According to Abdul Rahman G. Al Mutaiwe’e, UAE’s ambassador to the United Kingdom, bilateral trade between the UAE and the UK surged to more than £8.6 billion last year and is expected to cross £12 billion by 2015,
“The trade relations between the UAE and the United Kingdom is at its best, in fact, it could not have been better,” Al Mutaiwe’e told Gulf News at the Big 5 show. “I am expecting a number of agreements to be signed between the two countries during the prime minister’s visit.”
He was speaking on the sidelines of a tour by British Prime Minister David Cameron who is in the UAE. Both the countries are expected to sign a number of agreements that will boost trade. The UAE is the UK’s biggest trading partner in the Middle East.
“Our relations with the UK will continue to grow as both countries are encouraging the private sectors to benefit from the opportunities in both the countries. We, at the diplomatic level, are doing our best to promote these through a number of trade visits by officials at the highest level,” Al Mutaiwe’e, the former director-general of Dubai Chamber, said.
The UAE is also a major investor in the UK, with over £5 billion invested in the country’s critical energy, infrastructure and regeneration sectors throughout the region.
UK Minister of State for Trade and Investment, Lord Green, said: “The friendship between Britain and the UAE is very important and our commercial relationship continues to strengthen. The UAE has ambitious development plans, which British business and expertise can make a huge contribution towards and are already helping to realise.
“The UK is committed to making it quicker and easier for British businesses and Gulf states to do business together. Both countries are targeting a 60 per cent increase in trade from 2009 levels, to reach £12 billion by 2015.”

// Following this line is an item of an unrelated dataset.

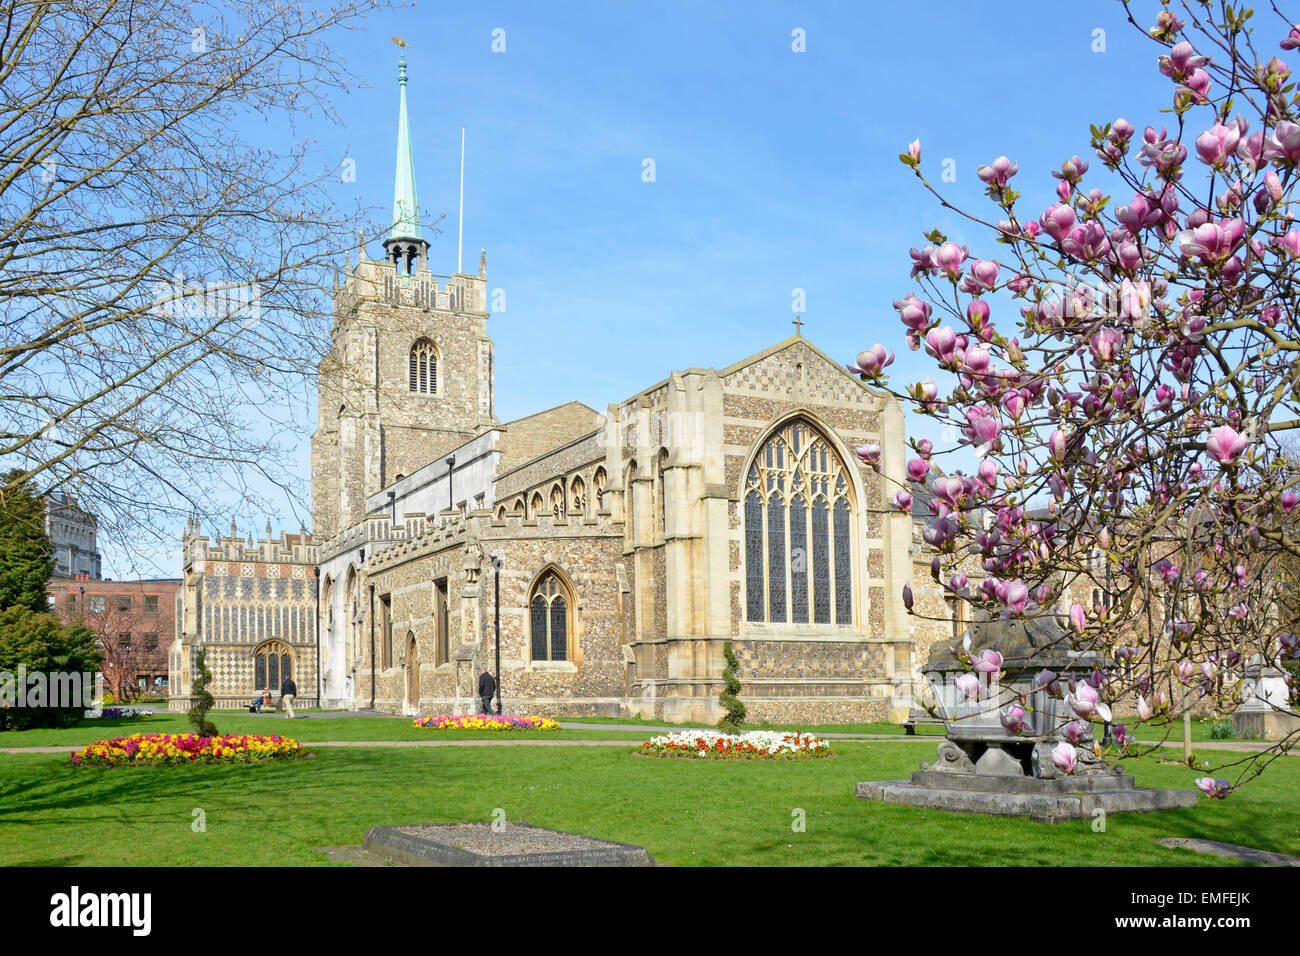 Ville de Chelmsford style gothique Cathédrale anglicane église tour et cuivre vert spire pierre sarcophage dans le cimetière derrière Magnolia Essex Angleterre Royaume-Uni Banque D'Images

The UK-UAE Business Council met on Monday for the third time in Dubai bringing together business leaders from the UK and UAE to further drive commercial ties between the two countries.

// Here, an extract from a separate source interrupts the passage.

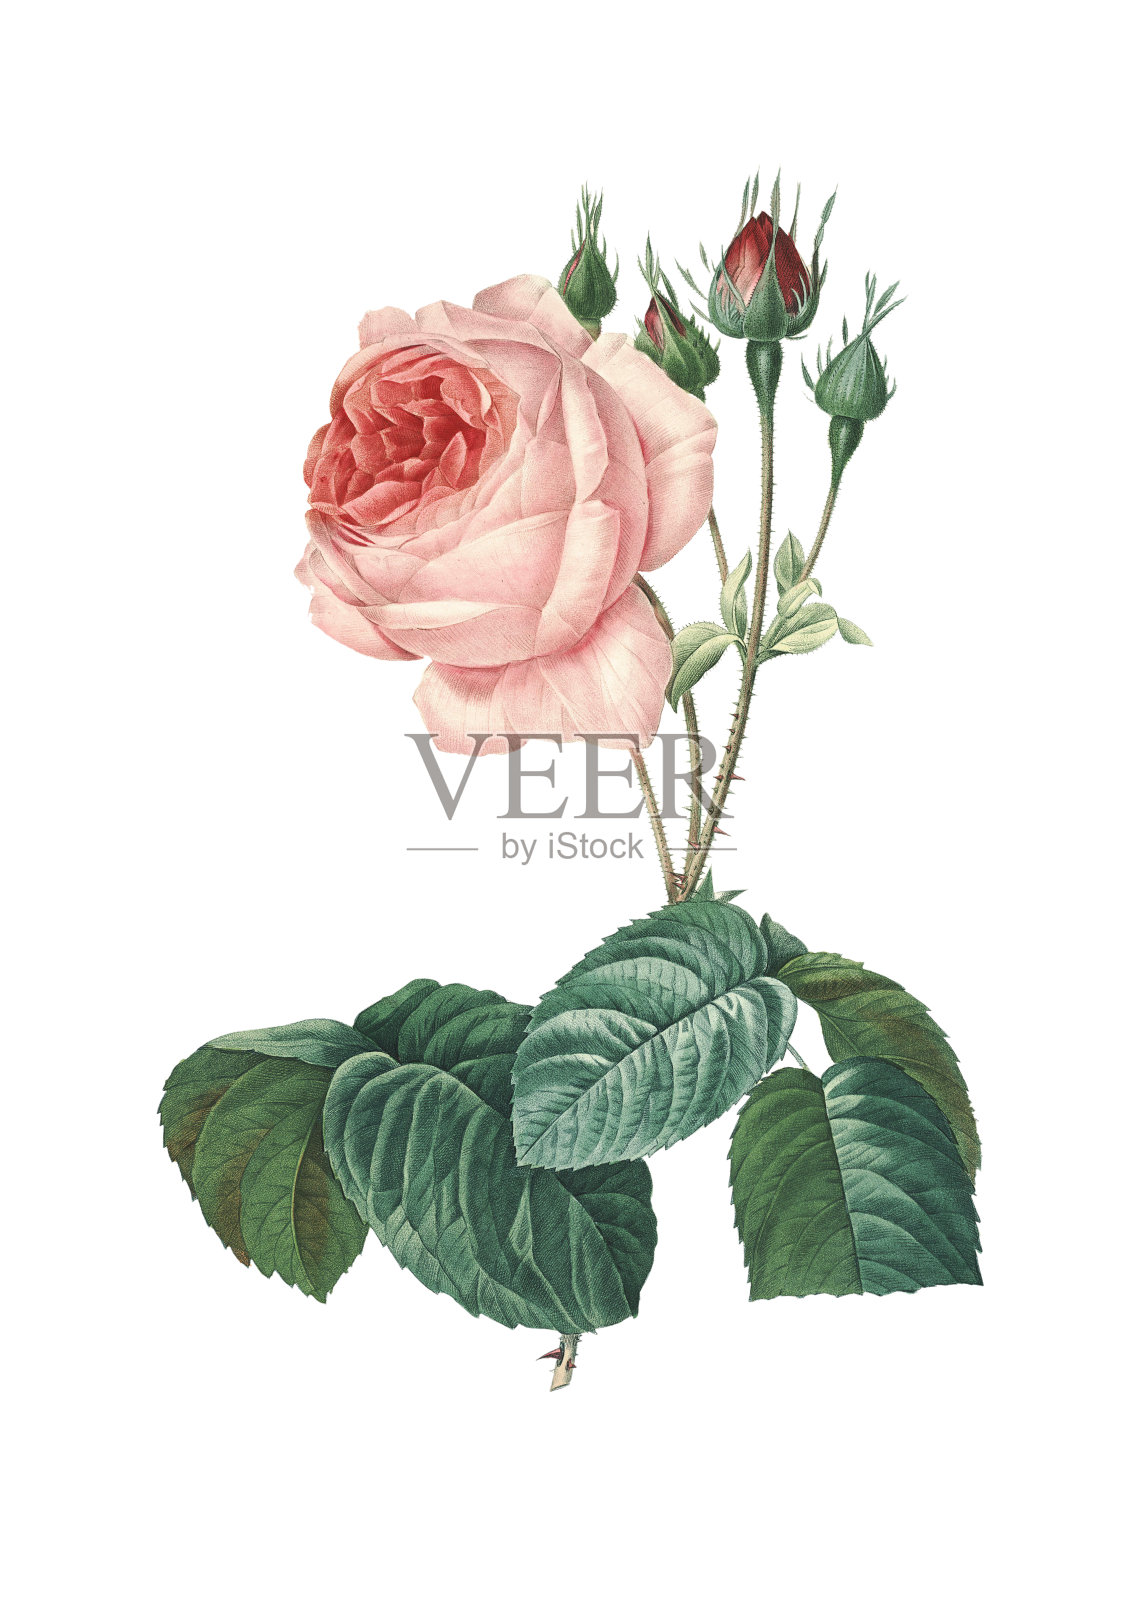 玫瑰蔷薇| 高分辨率照片| CLIPARTO Redoute 花卉插图插画图片素材

The Business Council discussed plans for a leadership development programme and cooperation between UK and UAE companies in third countries. The first example of this was the signing of Memorandum of Understanding between Al Thani and Shell, witnessed by Lord Green and Sultan Bin Saeed Al Mansouri, UAE Minister of Economy, at the event.
Nasser Ahmad Al Suwaidi, Chairman of the Abu Dhabi Department of Economic Development said: “The Council is a natural development involving two countries that for decades have enjoyed close cultural and economic ties. Good business opportunities and wider practical solutions to all kinds of challenges should result from this new think-tank, and I am personally optimistic regarding its future.”